Dash sighed. Blueberries, for some reason, reminded him of Richard the Squirrel. And Sophie. But, then again, everything reminded him of Sophie. “No. Why would I have tried that?”

“I mean, I did leave a pamphlet in your welcome packet with fun facts about the animals here, but clearly not everyone is as voracious a reader as I’d hoped.” Geon gave him a side smile as they walked. “Chickens have their little treats, like how you love cookies, and she loves a nice blueberry every now and then.”

“I’ll try the blueberry thing,” he eventually said.

Dash shook his head as they approached the center and wondered what Sophie would think of this whole situation. She’d probably love knowing that a chicken was keeping him on his toes. He wished he could tell her about it, but he’d been on a tech freeze for the last two weeks. Today was the day, though, when he’d finally get to check his phone and talk to her.

But first, he had therapy.

“Is there anything specific you want to work on this morning?” his therapist, Jerome, asked.

Since Dash had entered rehab, he and Jerome had worked on the painful memories that had triggered him to want to drink again. Along with forgiving himself for all of the damage he’d caused while drunk. But part of his therapy involved reliving those memories so that the pain and trauma from them lessened each time he brought them up.

Of course, most of his memories involved situations with his parents, being on set, and some very specific instances with Reece. But today, he wanted to talk about what life outside of rehab would look like and, more specifically, what a life with Sophie could be.

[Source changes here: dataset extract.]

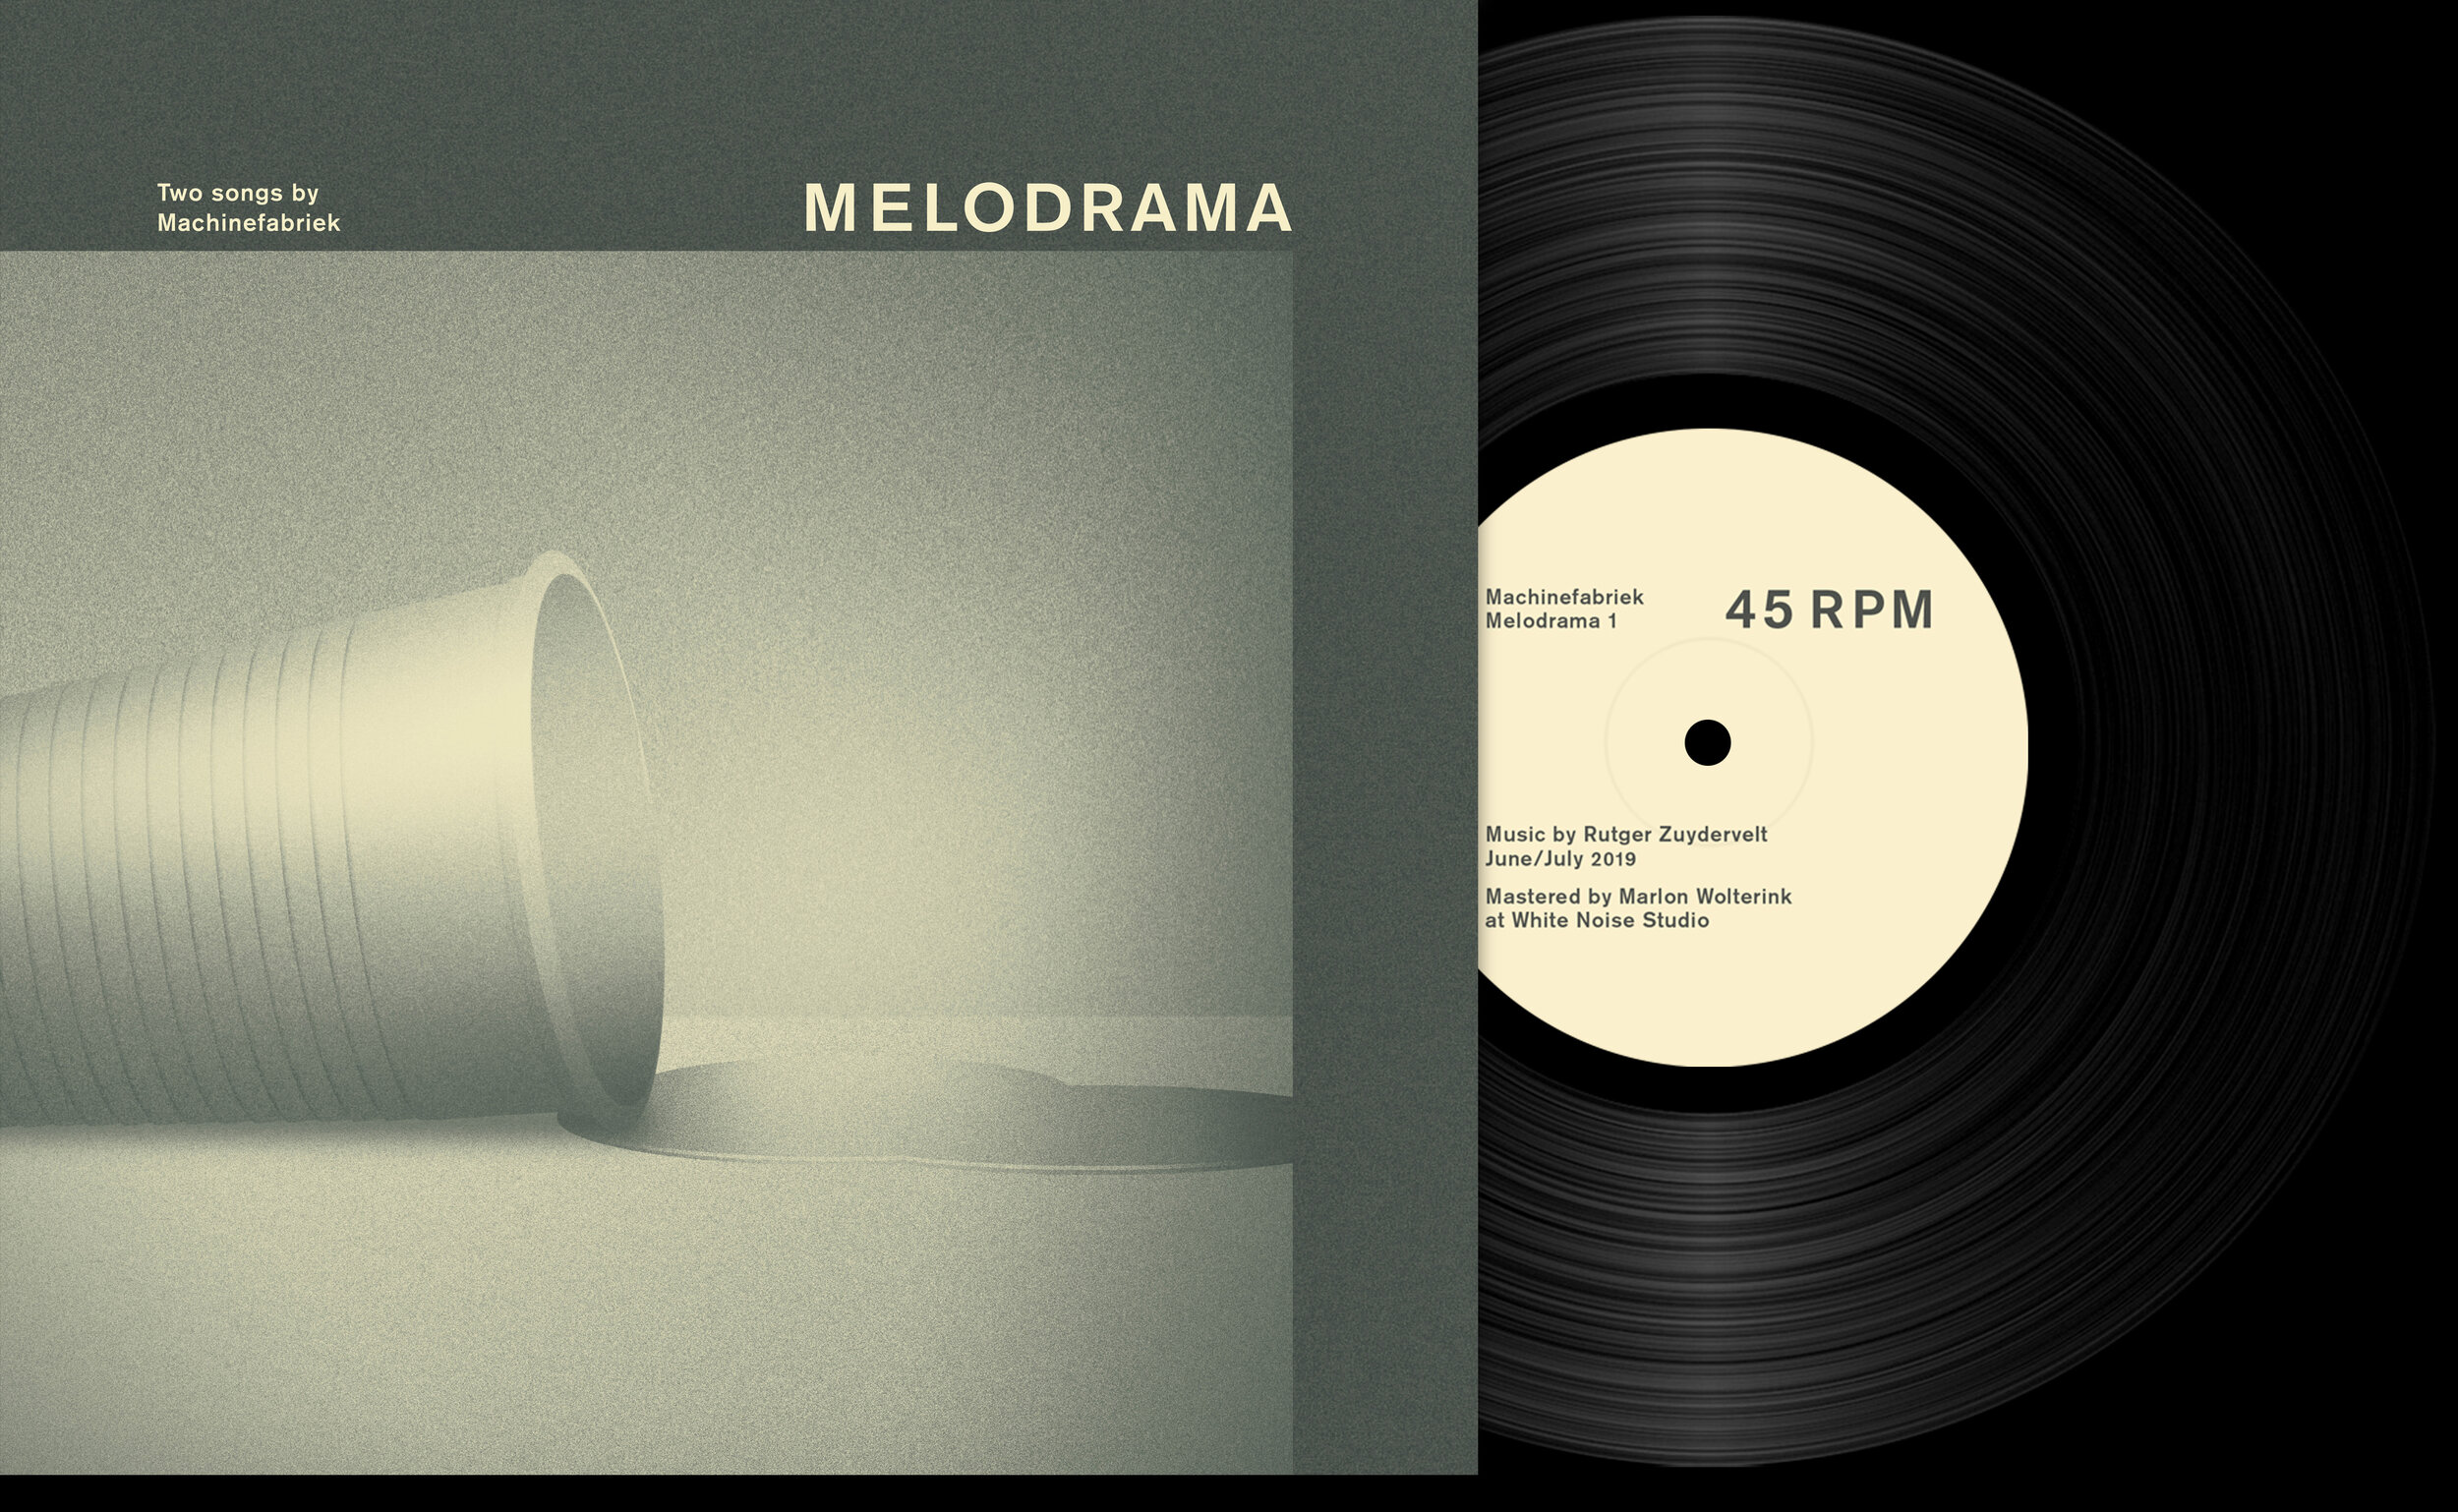  7-inch front cover – Machinefabriek Melodrama Champion Version, 2019

“I brought in my Looking Forward worksheet.” Dash reached into the pocket of his jeans and pulled out the piece of paper he’d been given a few days into recovery. It asked him to imagine what he wanted to accomplish upon leaving and how the center could help prepare him to meet those goals.

Jerome took the paper and began to read. “You’d like to sell your ceramics.”

“I would.” Dash looked down at his hands in his lap, which clenched and unclenched. Sophie had told him that he could sell what he made, and those words had stuck with him and become a fantasy all their own.

“You want to forgive yourself for relapsing.”